I hate hate hate the school run and the yummy mummies at my DD's primary school are the most staid, dull and self obsessed group of people. All they talk about is their kids.

I also dislike the fact that I'm now judged by people not on my academic performance, my skills as a teacher, my looks or my personality but now that I am first and foremost now- 'a mum' of three.

Many mothers I think suffer a chronic lack of support both from partners, their local community and society. Motherhood destroys your value as a woman in your own right and unles you are rich enough to afford help or have parents who are very supportive, then you may as well be living in the fifties.

I could just go on and on so I'll stop there. Thank you for listening to my negative rant.

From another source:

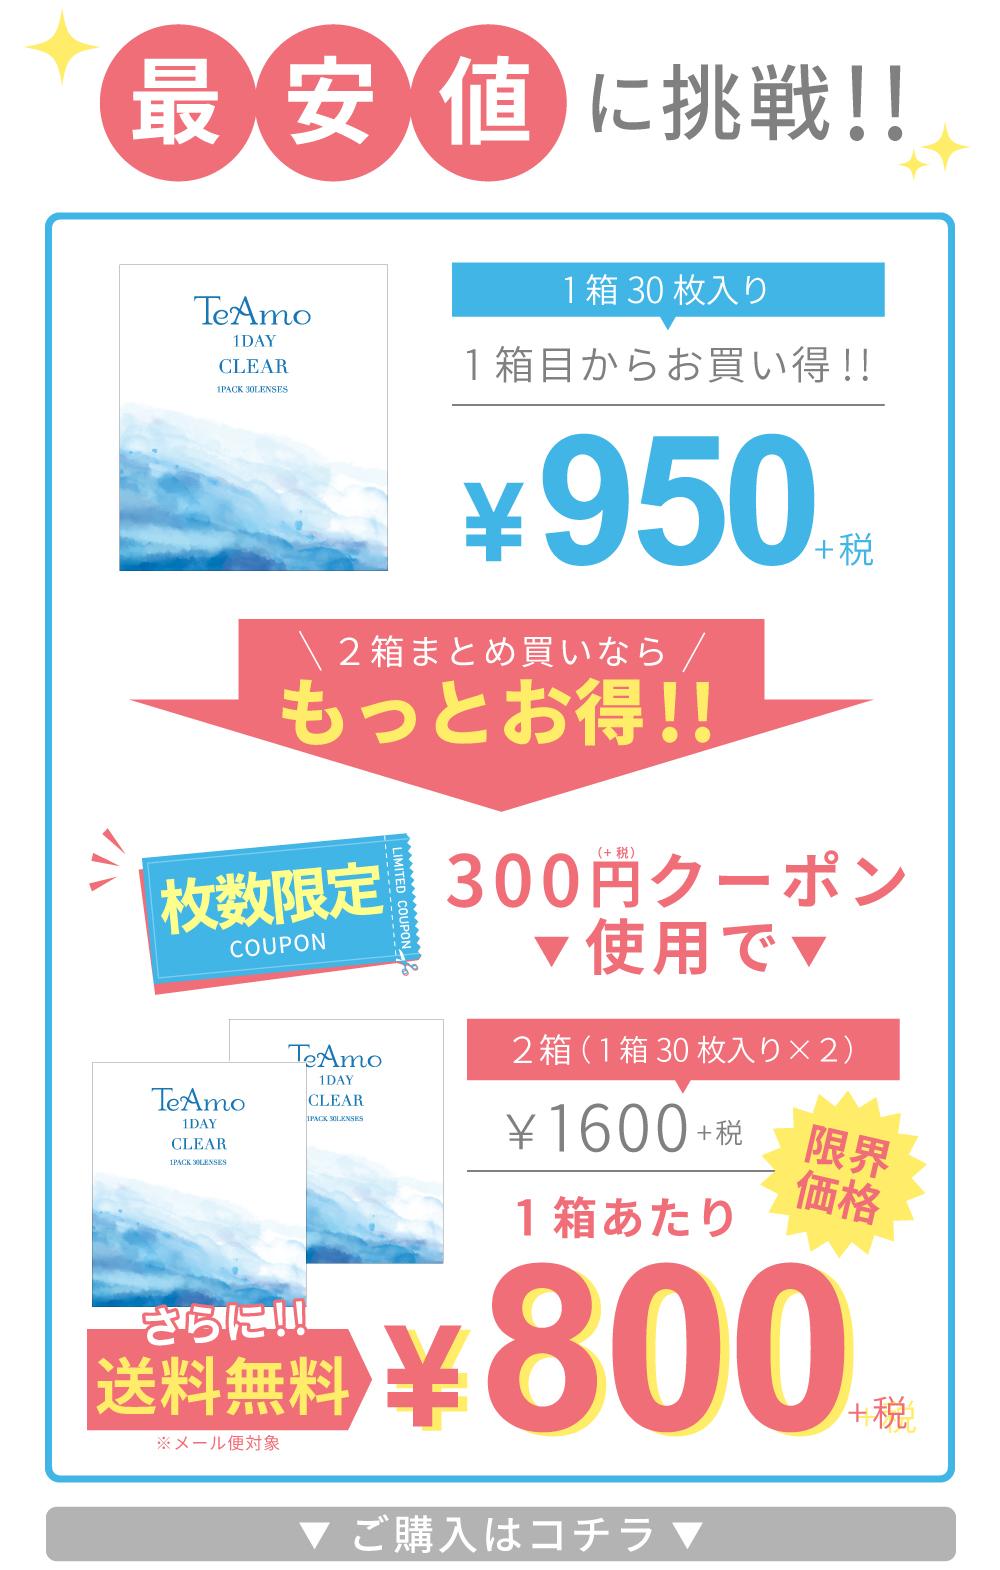 「TeAmo 1DAY CLEAR(ティアモワンデークリア)」価格

passionfruity · 07/07/2009 19:48

After reading this thread I am having serious doubts about whether to have children .

I had thought that if it was really that bad ('it' meaning giving birth and raising a child), people would only have one child but from what some of you have said it seems it doesn't get too bad until you have a couple of children.

Sorry if this seems a strange question but what do you think are the most important qualities needed to be a good mum e.g. patience, high tolerance for monotony, being loving and supportive? Trying to work out if I'm cut out for it or not.

Greyclay · 07/07/2009 21:51

Oh Honeydew...you have been through the wars haven't you. You made some very wise comments in your post.

Passionfruity - I would say patience. I would normally describe myself as a patient person and I have had to delve deeper into that personal resource well since having my DD more than I ever thought possible.